# GIVEN DATA
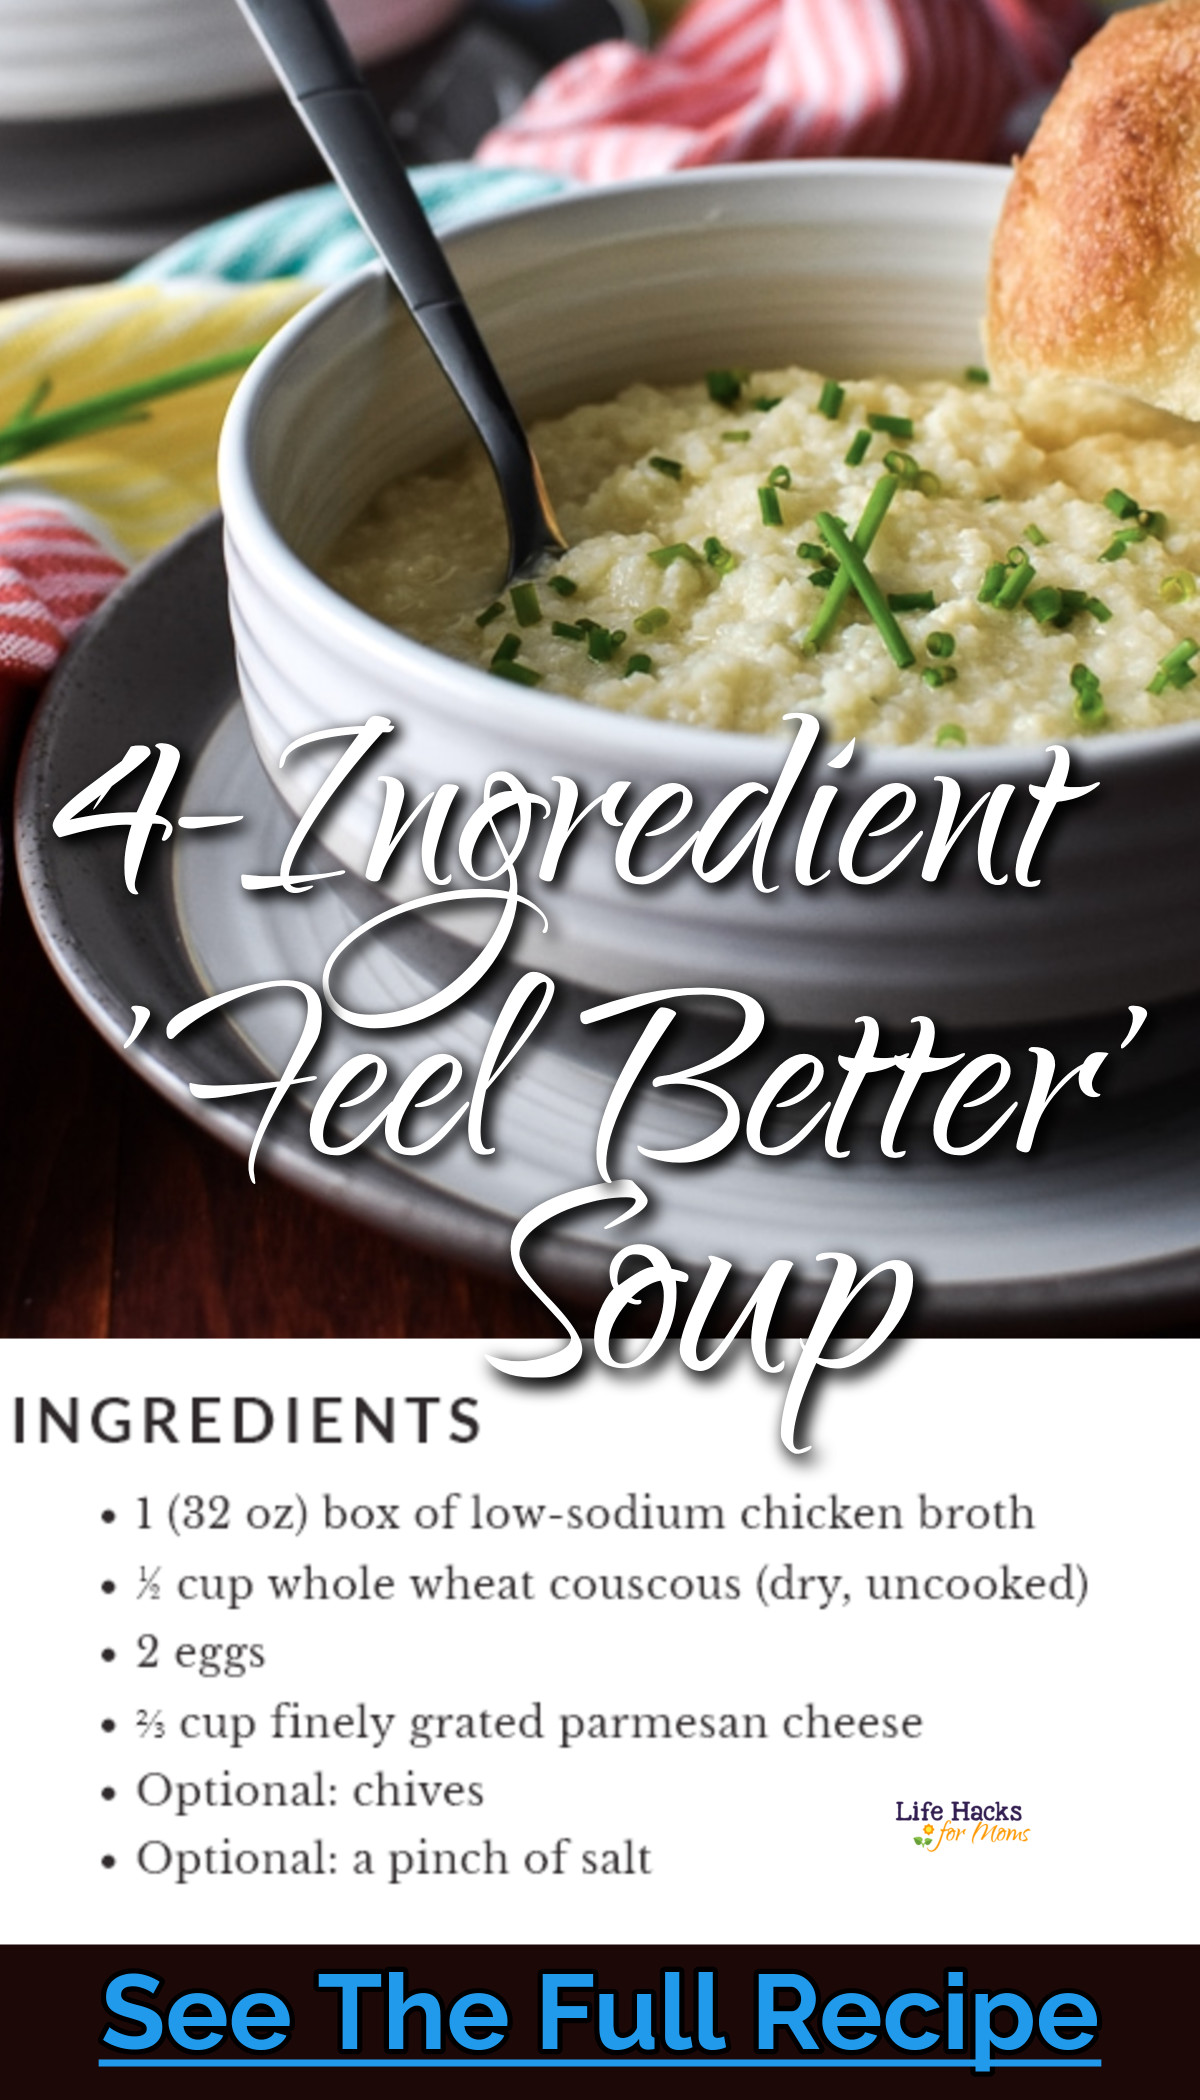 easy soup recipes to make ahead and freeze - 4 ingredient feel better soup
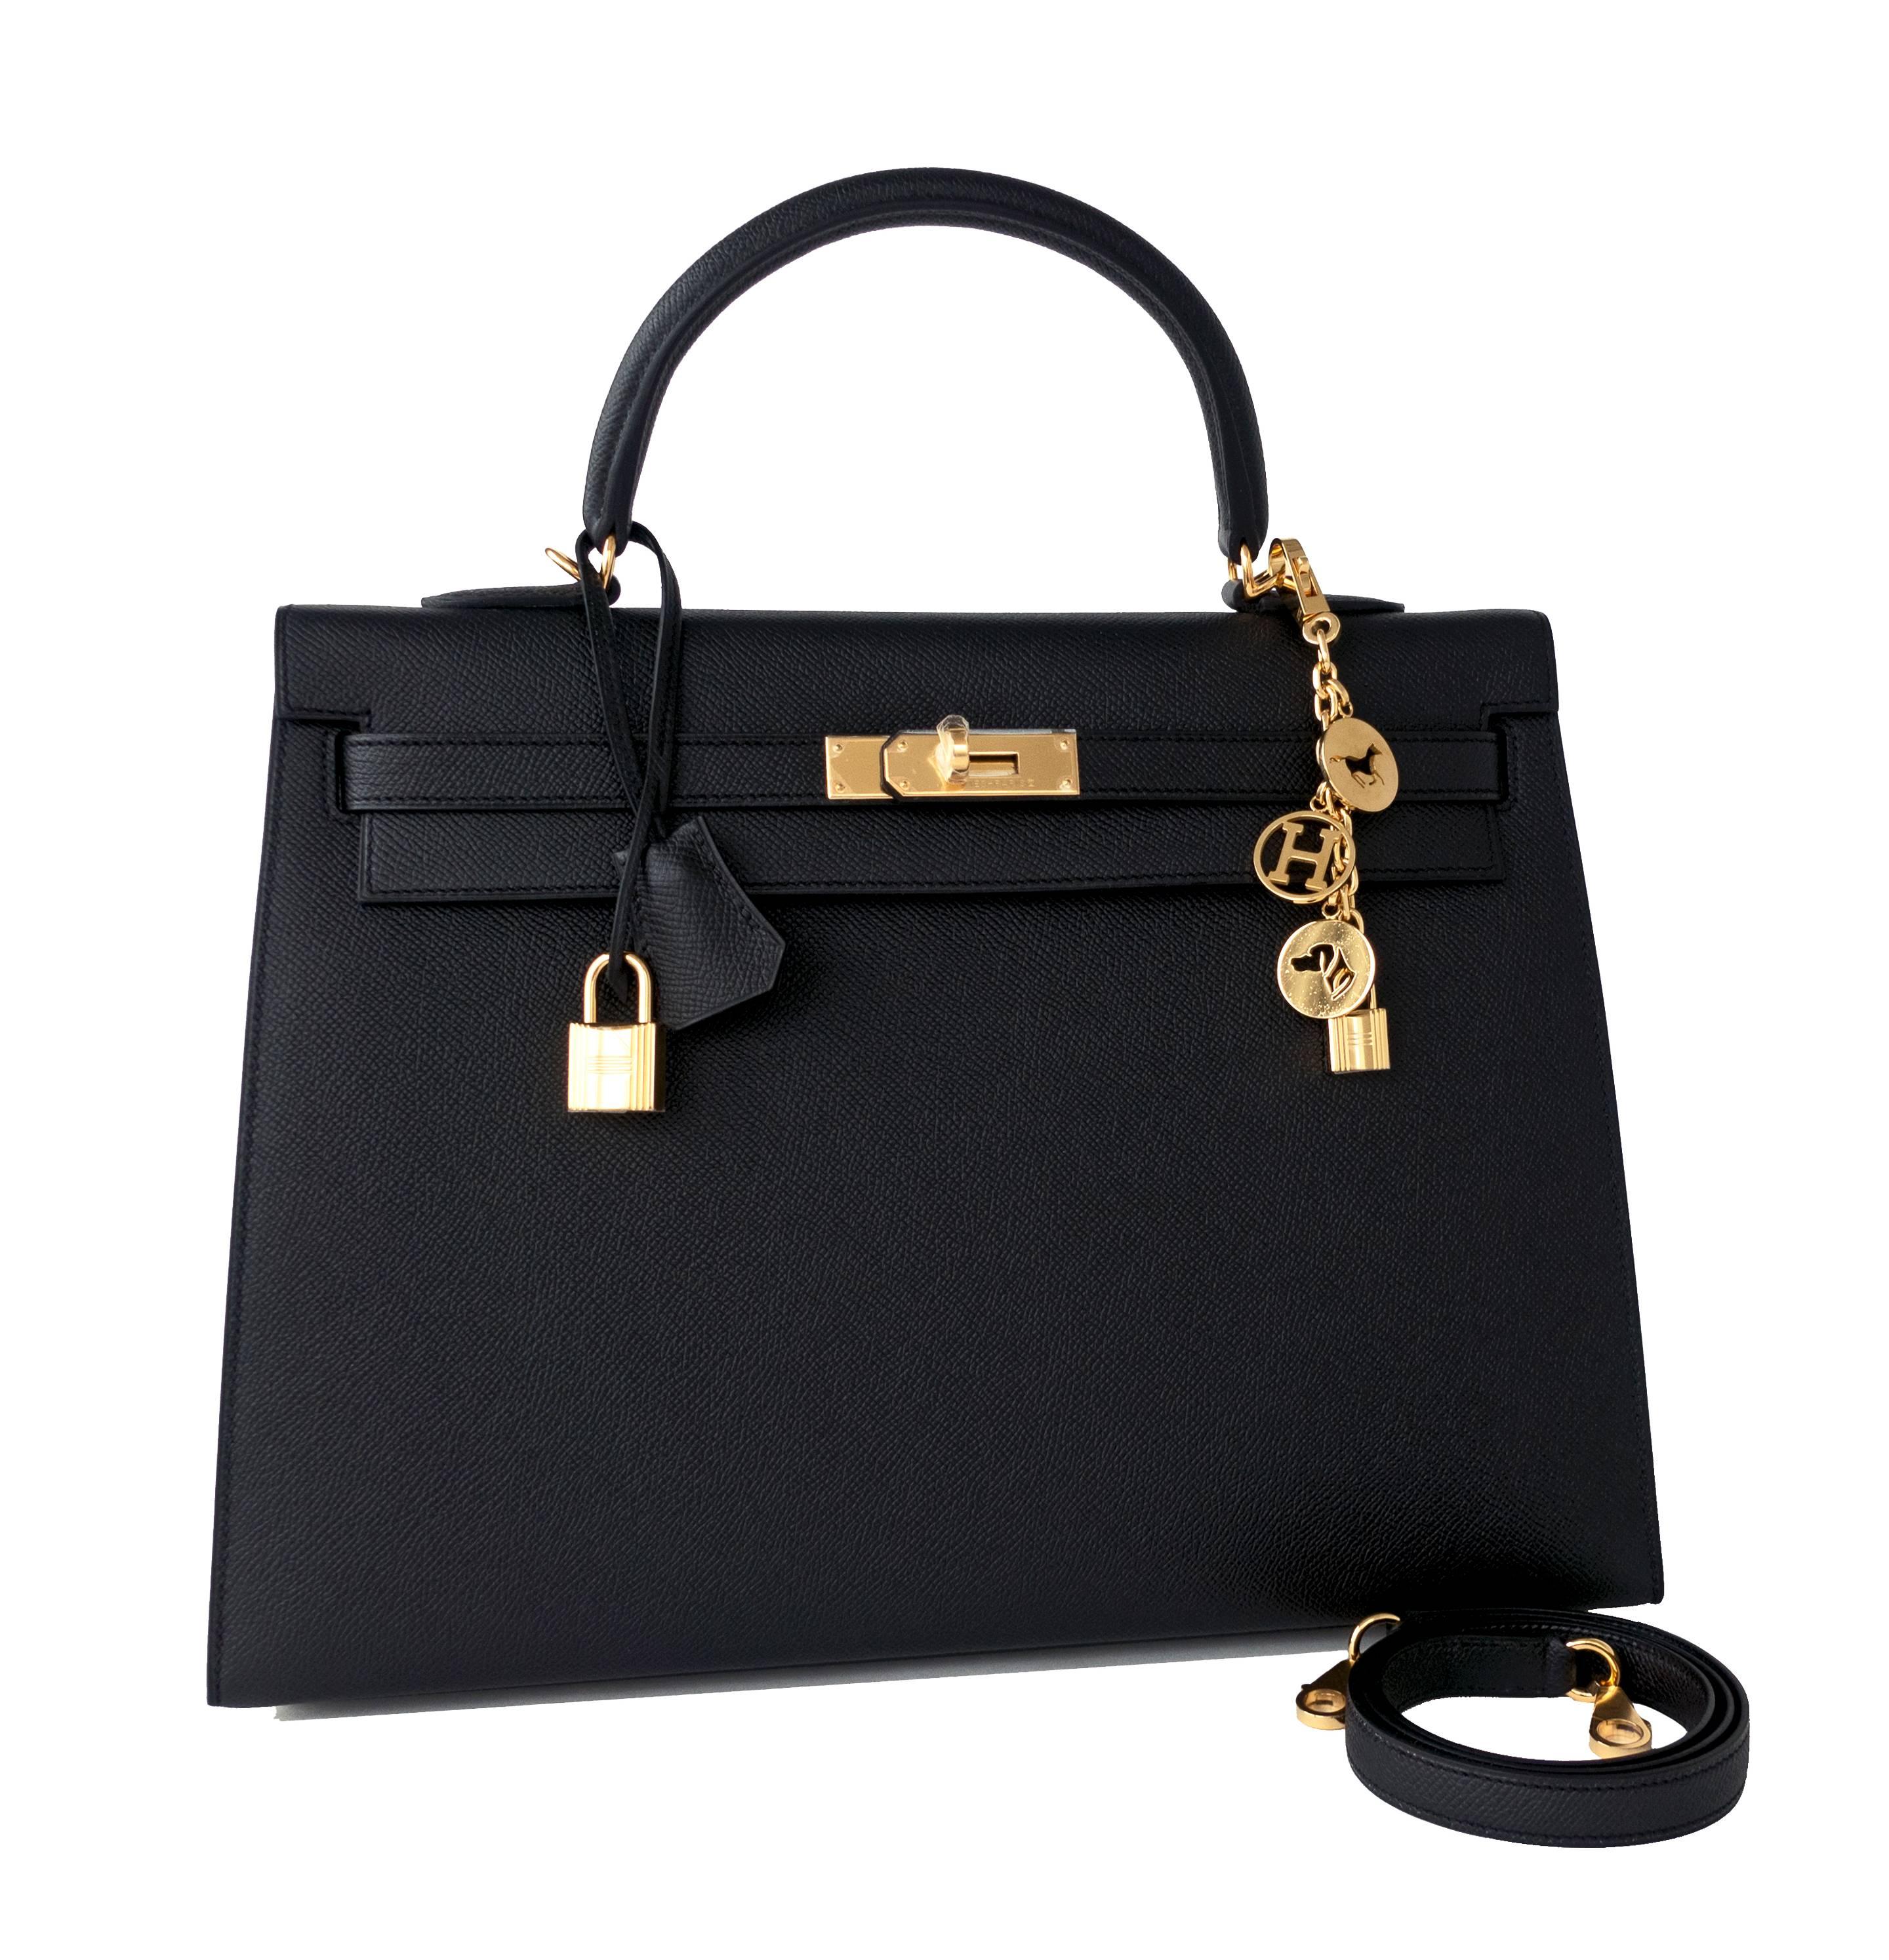 Hermes Black Epsom Sellier Kelly 35cm Gold Hardware X Stamp Superb
Brand New in Box.  Pristine Condition (with plastic on hardware).  2016 store fresh bag with interior X Stamp.
Perfect gift!  Comes full set with keys, lock, clochette, shoulder

# WHAT THE TASK REQUIRES
Transcribe the listing exactly; skip the pictures.

# ANSWER FOR THE TASK
 easy soup recipes to make ahead and freeze - 4 ingredient feel better soup
 Hermes Black Epsom Sellier Kelly 35cm Gold Hardware X Stamp Superb
Brand New in Box.  Pristine Condition (with plastic on hardware).  2016 store fresh bag with interior X Stamp.
Perfect gift!  Comes full set with keys, lock, clochette, shoulder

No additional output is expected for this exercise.